Furthermore, the Committee proposes new rules on amending a tender offer, so that a bidder prior to the expiry of the offer period may amend the terms of such an offer in favour of the stockholders and also extend the offer period, provided the bidder has reserved these rights in the offer document itself and that these amendments are being approved by the Takeover Supervisory Authority.
The Committee does not propose to implement rules regulating the type of transaction agreements used in connection with takeovers of listed companies or similar commitments between a bidder and a target company. Nevertheless, the Committee proposes to implement a rule into the new legislation that authorises the government to issue more detailed rules in a separate regulation to govern the use of agreements in connection with mandatory and voluntary offers.
An amendment to the takeover rules is also proposed to clarify the scope and applicability of the rules on companies that are domiciled in another country and that have issued stocks traded on a Norwegian regulated market. It is also proposed to introduce an obligation for companies domiciled outside the EEA to ensure that if the non-EEA company’s stocks are listed on a Norwegian regulated market, the company will have a special obligation to provide information on its website about the rights of its minority stockholders.
According to the proposal, the Takeover Supervisory Authority will be authorised to issue fines of up to 10 million kroner for natural persons and up to 20 million kroner for legal entities for violation of a number of key rules, or up to 2 per cent of the total annual turnover in the last annual accounts for the same. If approved by the Parliament in the proposed form, this will, inter alia, apply to the obligation to provide accurate, clear and non-misleading information in connection with an offer, prerequisites for presenting an offer, the obligation to provide notification of a mandatory offer or voluntary offer, the obligation to make a mandatory or voluntary offer and requirement for minimum offer price in mandatory offers.
It is currently unclear when the Parliament can be expected to adopt these amendments into Norwegian legislation. However, we do not expect the proposed changes to be implemented into Norwegian law until 1 January 2020 at the earliest.
Proposed amendments to the Norwegian companies legislation
At the beginning of 2019, the Ministry of Industry, Trade and Fishery issued certain proposals to amend the rules of the Norwegian Companies Acts in order to implement EU Directive (EU) 2017/828 into Norwegian law.
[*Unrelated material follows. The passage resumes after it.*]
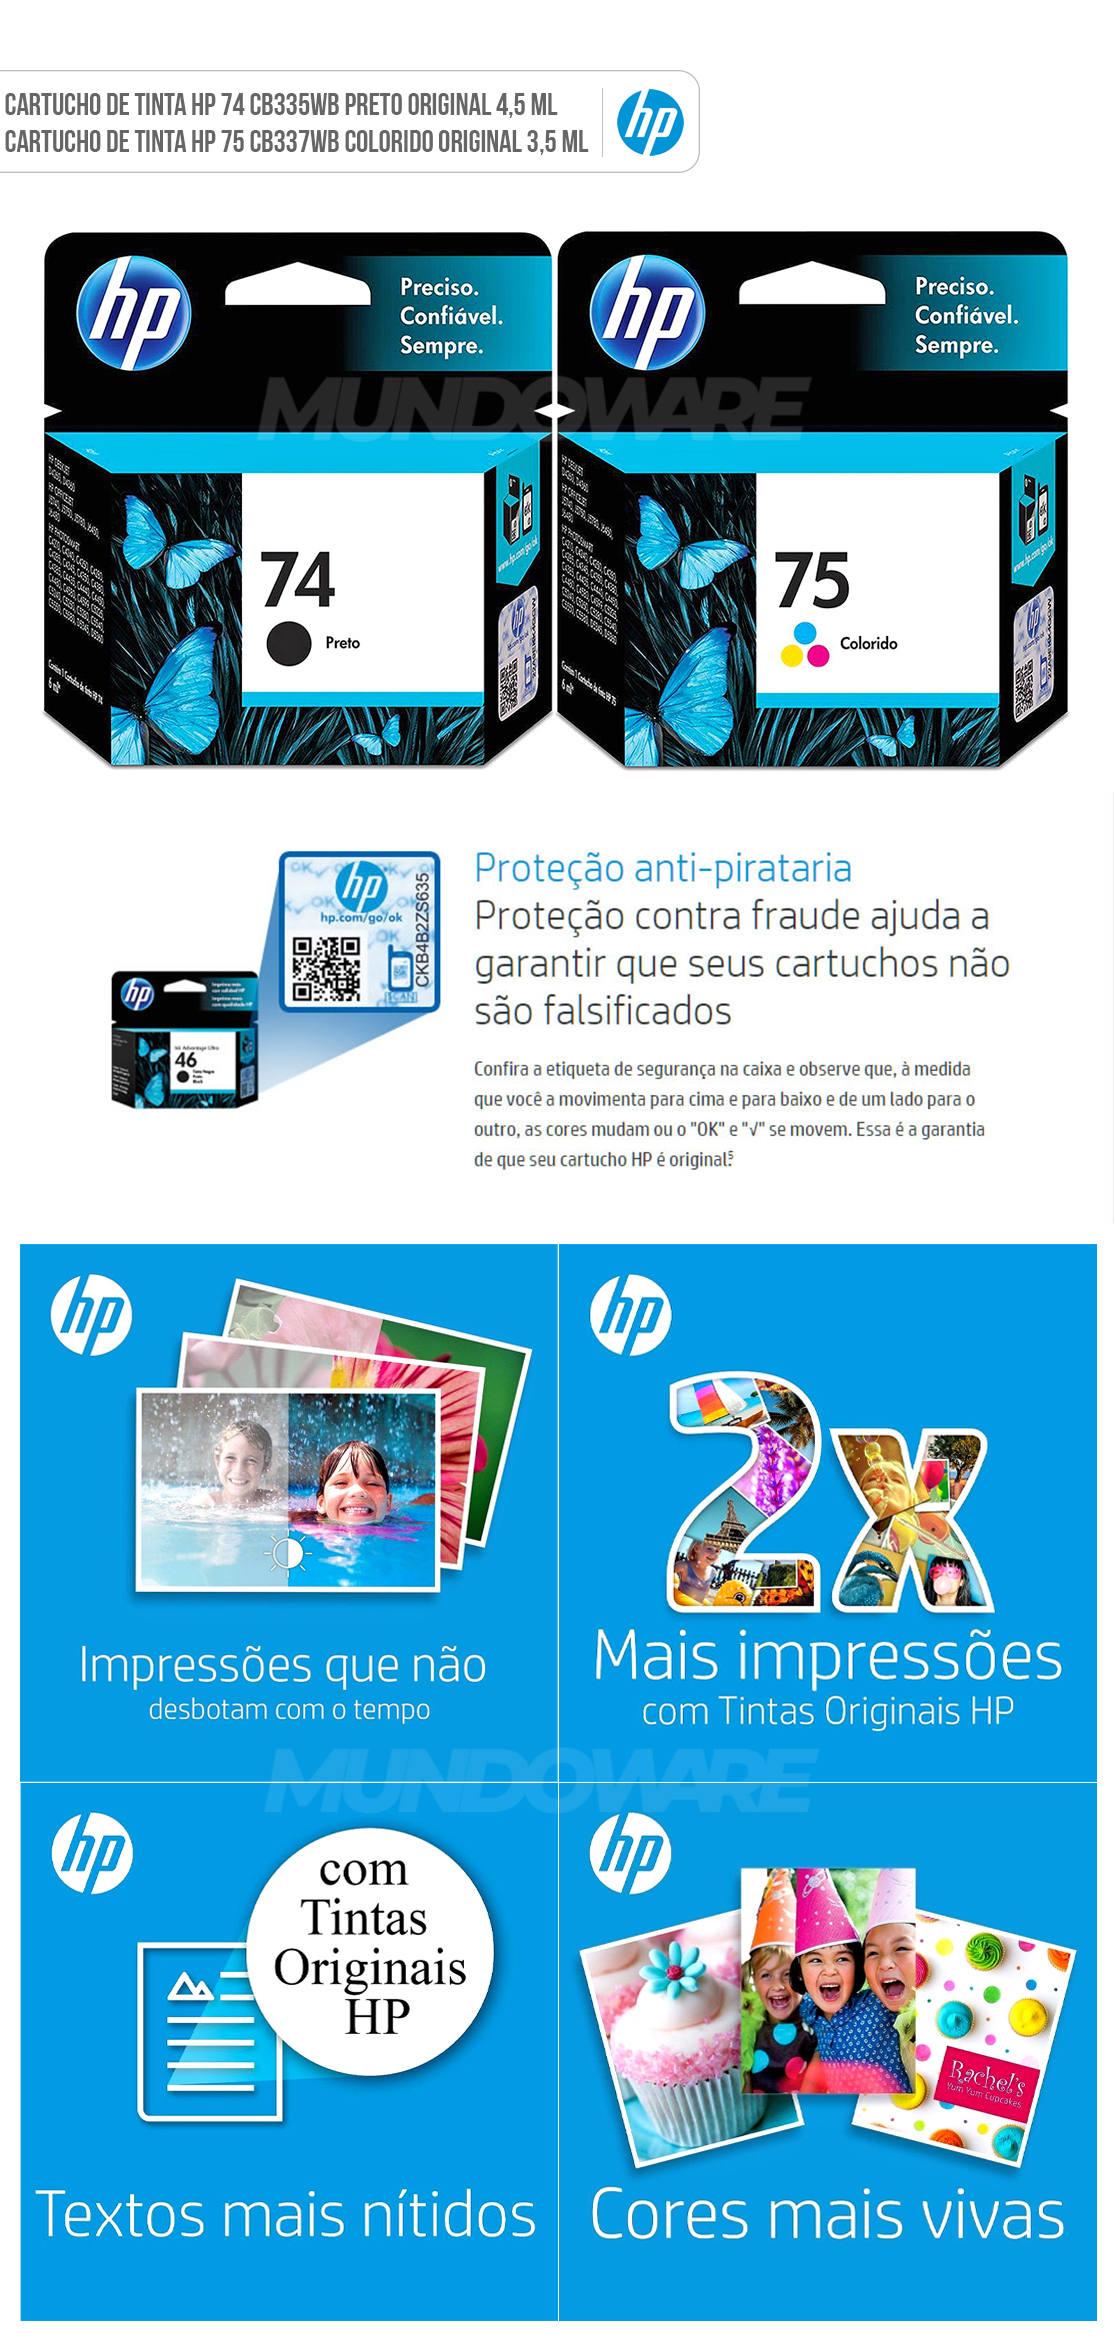 Kit Cartucho de Tinta HP 74 Preto + 75 Colorido para HP Deskjet D4260 D4360 Photosmart C4280 C4480 C5280 C4424 C4440 C4524 Officejet J6400 J6424 Original

In addition, certain amendments are proposed with regard to transactions between a company and its related parties and also in relation to a company’s ability to provide financial assistance to its shareholders. Even though most of these amendments are not aimed at M&A specifically, some could have an impact both on the structuring and the financing (and on the financing structures) of M&A transactions. One such new rule, is the Ministry’s revised proposal for abolishing the requirement that a buyer (borrower) must deposit ‘adequate security’ towards the target company if the buyer receives any form of financial assistance from the target in the form of security for the buyer’s acquisition financing. If this proposal is adopted by Parliament in its current form, it looks as if Norway in the near future also will have implemented a type of ‘whitewash procedure’ that could work also for LBO-transactions.